The award, first given in 1998, honors the memory of Elizabeth Zintl, an accomplished writer and journalist who served as chief of staff to the UVA president until her untimely death in 1997 at age 45. It recognizes a female employee who has given an “unusually high degree of service to the University, within and beyond the expectations of the position” and “whose excellence in work makes a direct and significant impact on the core academic enterprise.”

One of the first awards went to Sylvia Terry, then associate dean in the Office of African-American Affairs, who founded the Peer Advisor Program, which came to be nationally recognized and contributed to UVA having the highest Black graduation rate among flagship public universities.
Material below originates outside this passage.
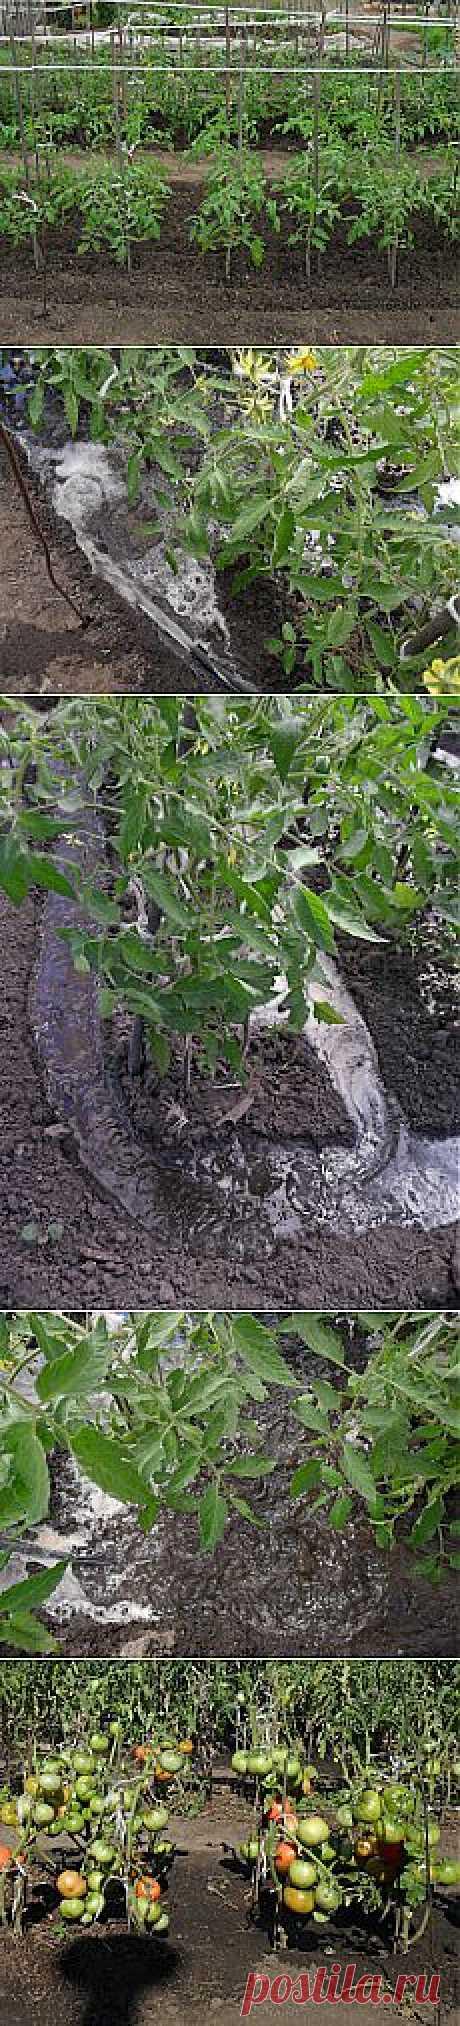 Вкусные помидоры: Полив помидоров в открытом грунте

Awardees for the five years prior to 2020 were: in 2019, Nursing School Dean Dorrie Fontaine (now retired); Deborah McDowell, director of the Carter G. Woodson Institute of African-American and African Studies and Alice Griffin Professor of English (2018); Rachel Most, associate dean for undergraduate academic programs and archaeology professor (2017); Pamela Norris, Frederick Tracy Morse Professor of Mechanical and Aerospace Engineering (2016); and Farzaneh Milani, who has chaired the Department of Middle Eastern and South Asian Languages and Cultures and directed the Women, Gender, and Sexuality Program (2015).